When both n and L are large, SSP is NP-hard. The complexity of the best known algorithms is exponential in the smaller of the two parameters n and L. The following variants are known to be NP-hard:

All input integers are positive (and the target-sum T is a part of the input). This can be proved by a direct reduction from 3SAT.^[3]^[4]
The input integers can be both positive and negative, and the target-sum T = 0. This can be proved by reduction from the variant with positive integers. Denote that variant by SubsetSumPositive and the current variant by SubsetSumZero.
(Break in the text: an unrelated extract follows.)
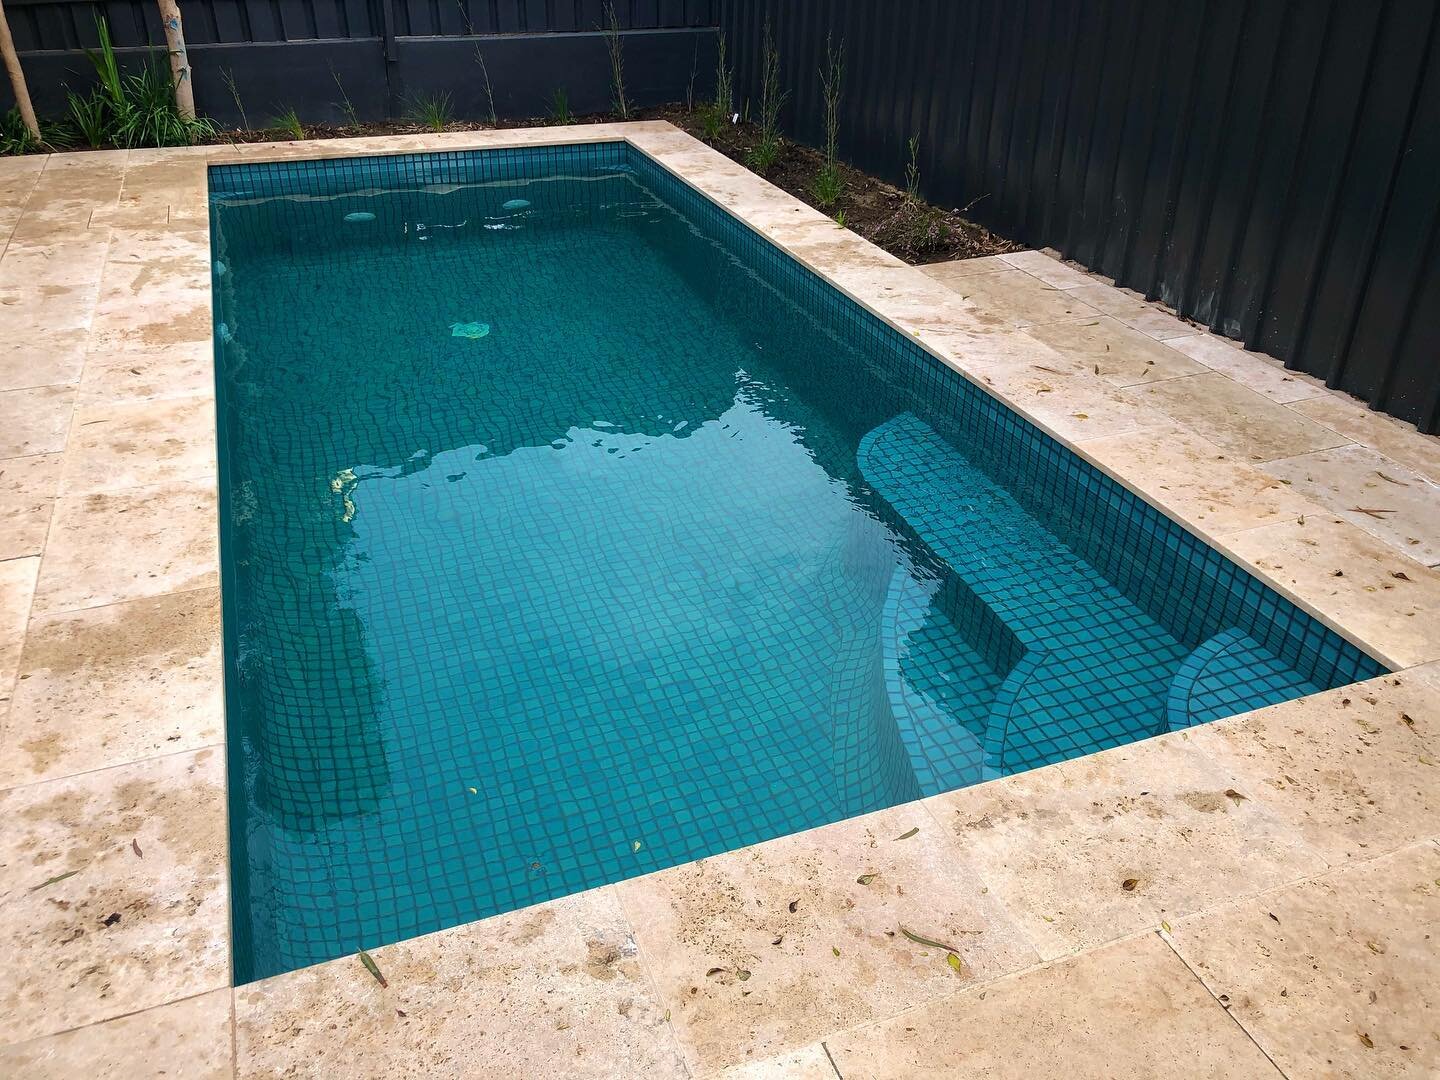 Recently finished 2.5x6.0 plunge pool looking sharp with travertine and island sea mosaics #plungepool #mosaics #travertine #poolbuilders #concretepool

Given an instance (S, T) of SubsetSumPositive, construct an instance of SubsetSumZero by adding a single element with value -T. Given a solution to the SubsetSumPositive instance, adding the -T yields a solution to the SubsetSumZero instance. Conversely, given a solution to the SubsetSumZero instance, it must contain the -T (since all integers in S are positive), so to get a sum of zero, it must also contain a subset of S with a sum of +T, which is a solution of the SubsetSumPositive instance.
The input integers are positive, and T = sum(S)/2. This can also be proved by reduction from the general variant; see partition problem.

Exponential time algorithms

There are several ways to solve SSP in time exponential in n.^[5]

Inclusion-Exclusion

The most naïve algorithm would be to cycle through all subsets of n numbers and, for every one of them, check if the subset sums to the right number. The running time is of order $O(2^{n}\cdot n)$ , since there are $2^{n}$ subsets and, to check each subset, we need to sum at most n elements.

The algorithm can be implemented by depth-first search of a binary tree: each level in the tree corresponds to an input number; the left branch corresponds to excluding the number from the set, and the right branch corresponds to including the number (hence the name Inclusion-Exclusion). The memory required is $O(n)$ . The run-time can be improved by several heuristics:^[5]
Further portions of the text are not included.